Plantinga's book begins with a basic introduction to the concerto form as Beethoven inherited it from his predecessors and developed it in his own compositions. This is followed by two largely biographical chapters which discuss Beethoven's exposure to the concerto while growing to adulthood in Bonn and in his early years in Vienna. Each of the seven concertos is then discussed in detail in lengthy chapters. Plantinga concludes with observations on performance practices in the Beethoven concertos.

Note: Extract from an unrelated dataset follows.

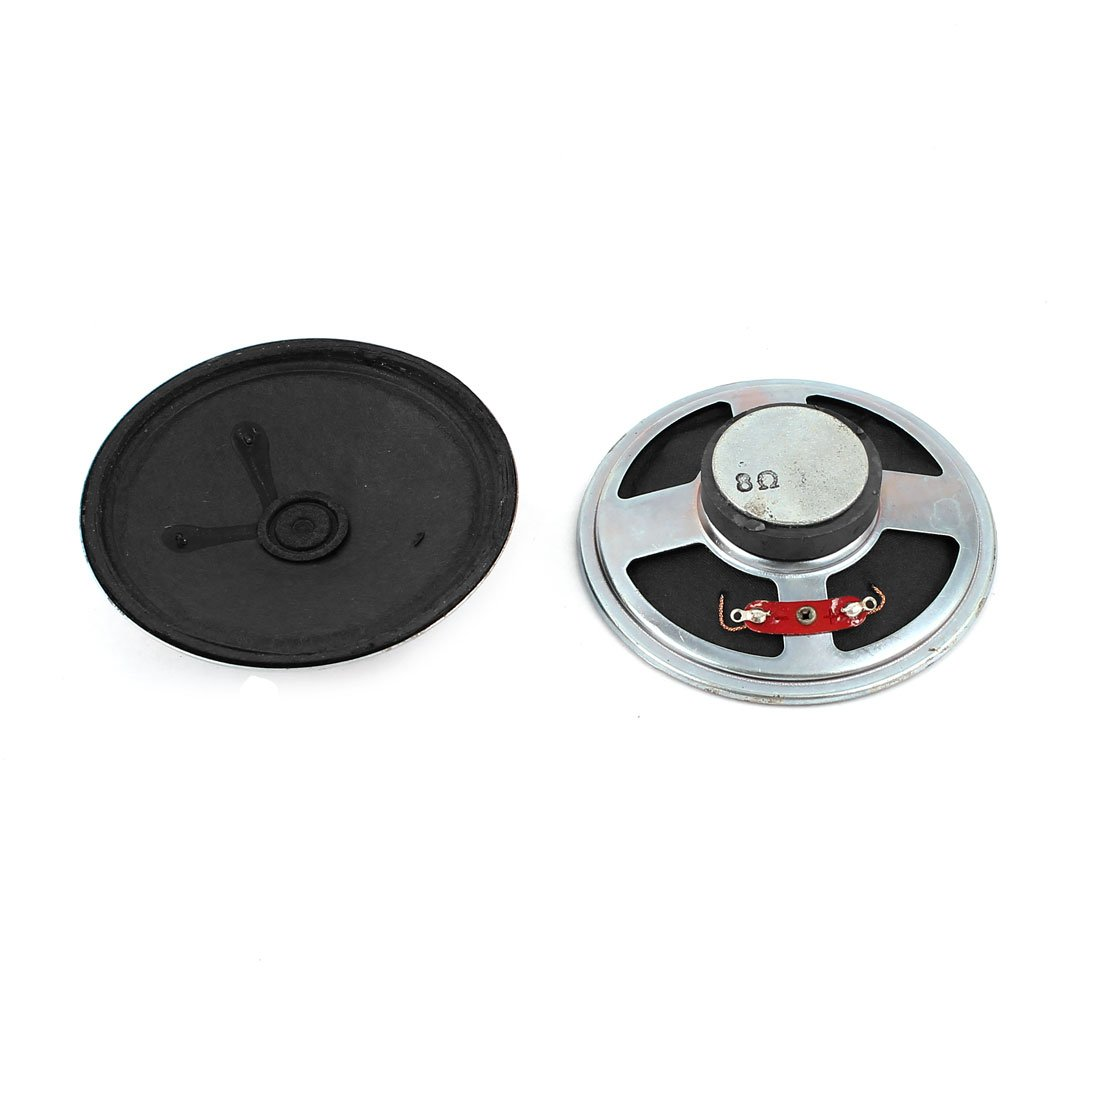 Paar 5W 8 Ohm 4-Pin JST-XH Stecker Notizbuch Tablet PC Magnet Lautsprecher

The study both treats Beethoven's concertos as a group, showing how Beethoven's treatment of the form changed as he progressed, and also is a guide to each individual work. Plantinga shows how the concerto evolved in Beethoven's hands from works he wrote for his own performance and published only later to musical texts that existed separately from their performance by a particular artist for a specific occasion. Thus, Beethoven performed the piano concertos no. 2 and no.1 many times during his early years in Vienna but published them relatively late, in 1801. Orchestral parts were written out in more detail than the solo part, which Beethoven frequently changed and improvised at the keyboard. In the latter concertos, beginning with the fourth piano concerto, Beethoven began to shift towards publication at the outset rather than to performance and then publication much later.

Plantinga has a great deal to say about the performance of the concertos and about the contemporary interest in "period" sytle performances. I have been listening to several period recordings recently. Plantinga warns only against supposing that period readings are the only or the "authentic" way to perform these glorious concertos. These works, even the latter concertos, include great room for improvisation and different styles. Even the tuning of the instruments did not always follow the equal temprament that is invariably used today. The soloist frequently conducted the early concertos at least from the piano and the soloist also played or was expected to accompany the orchestra during the tutti (ensemble) sections. Period performance, Plantinga suggests, are in fact a type of modernism which tries to expunge romanticism from the playing of Beethoven's concertos. Plantinga himself does not show much sympathy with period readings. While I have grown to enjoy period performances, they are not the only legitimate approach to these inexhaustible works.

I also learned a great deal from Plantinga's treatment of each individual work. For each concerto, Plantinga gives background as to its composition and performance history and detailed musical analyses of each movement. I particularly enjoyed Plantinga's treatment of the origin of the pivotal piano concerto no. 3 in C minor, Opus 37. Plantinga argues that this work was written during the period in which Beethoven wrote his second symphony (1802- 1803) rather than much earlier as is sometimes supposed. In his treatment of the work itself, Plantinga shows the great advances musically that it made over its predecessors. Plantinga is also good in his discussion of the early piano concerto no. 2 and in his detailed treatment of the possible programatic readings of the second movement of the piano concerto no. 4.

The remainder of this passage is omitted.